In the motivating example, Bill did not face Step $2$ of the algorithm at all as his choice of car production levels was unconstrained after choosing a representation of the world $m$ . This second step allows for physical difficulty of adjusting the action given the agent’s understanding of the decision problem. e.g., consider a decision maker who makes a portfolio decision regarding how to allocate his firm’s wealth. After choosing a representation of the world in Step $1$ , he might look at the facts $x$ through the lens of this representation $m$ and decide that he needs to lengthen the duration of his portfolio; however, since there are many different ways to do this in practice, he may face cognitive costs in executing such a change. Step $2$ captures these sort of costs.

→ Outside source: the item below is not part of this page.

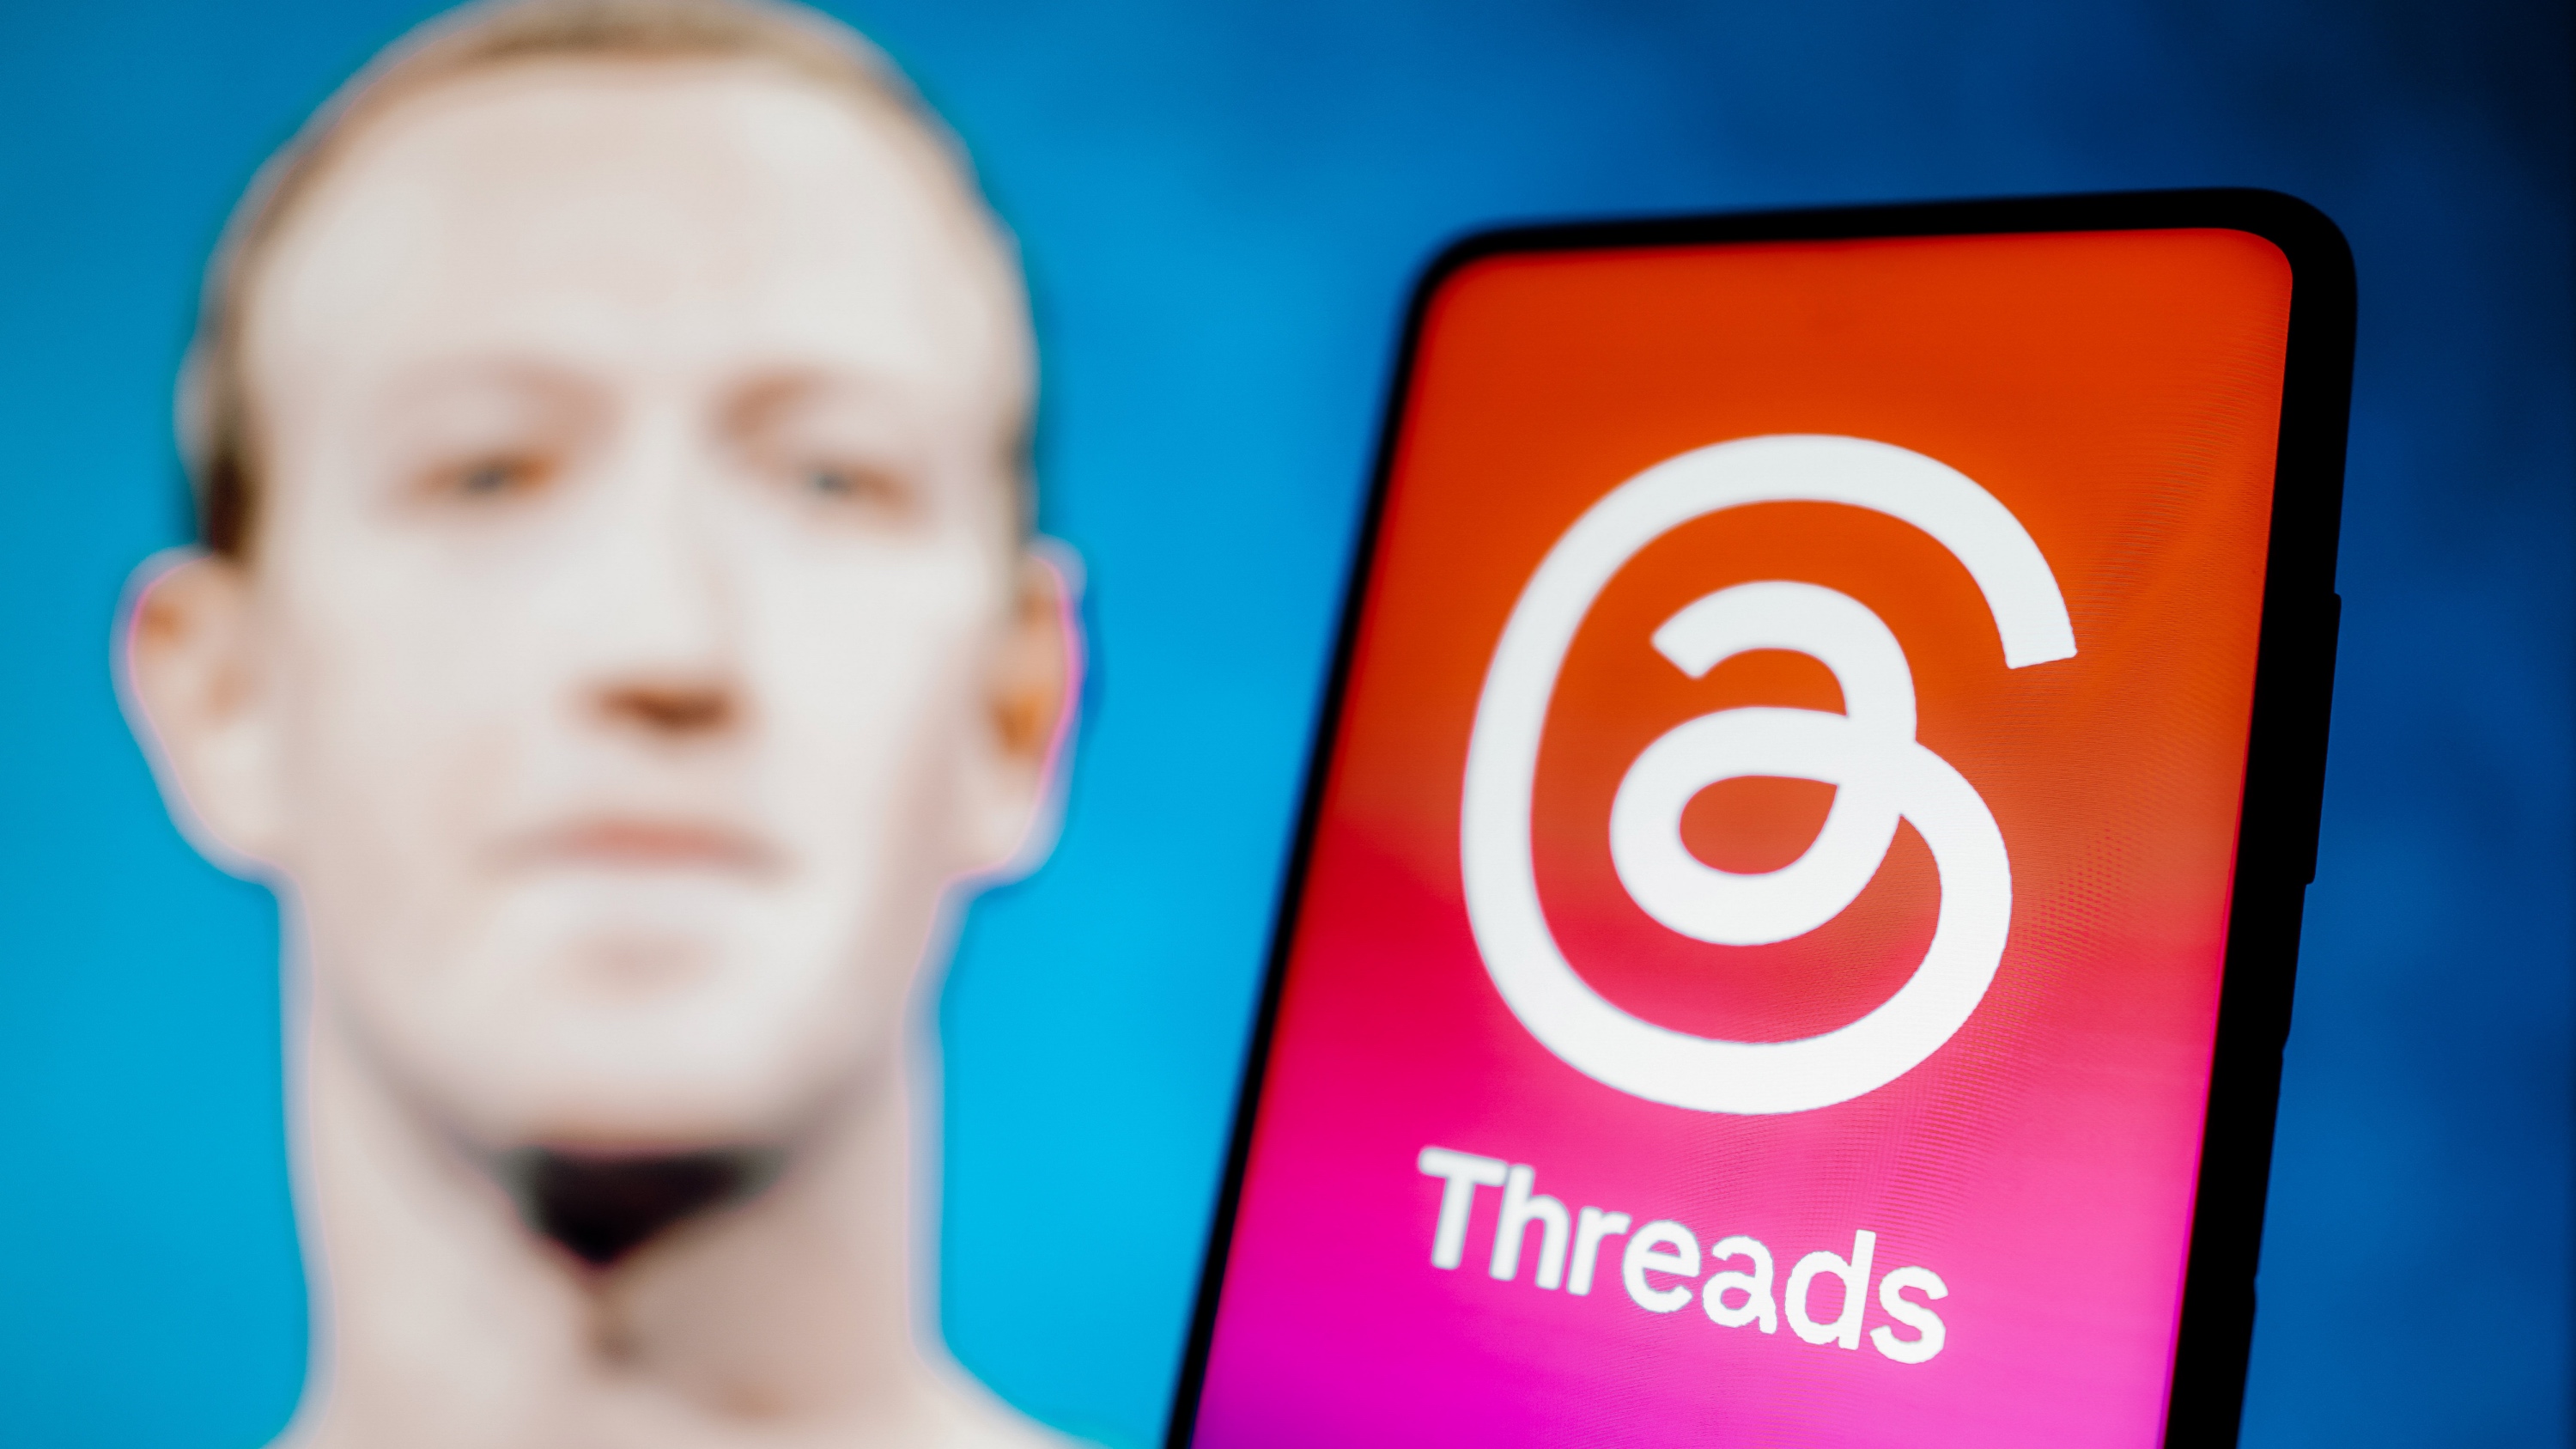 Meta Threads app and Mark Zuckerberg

In summary, a boundedly rational agent with a preference for sparsity first employs a quadratic approximation of his value function and then uses a linear cost function to price the cognitive cost of the complexity of his model of the world. What’s more, this same linear cognitive cost function can be used in a secondary step to incorporate settings where there are cognitive costs to executing a given action.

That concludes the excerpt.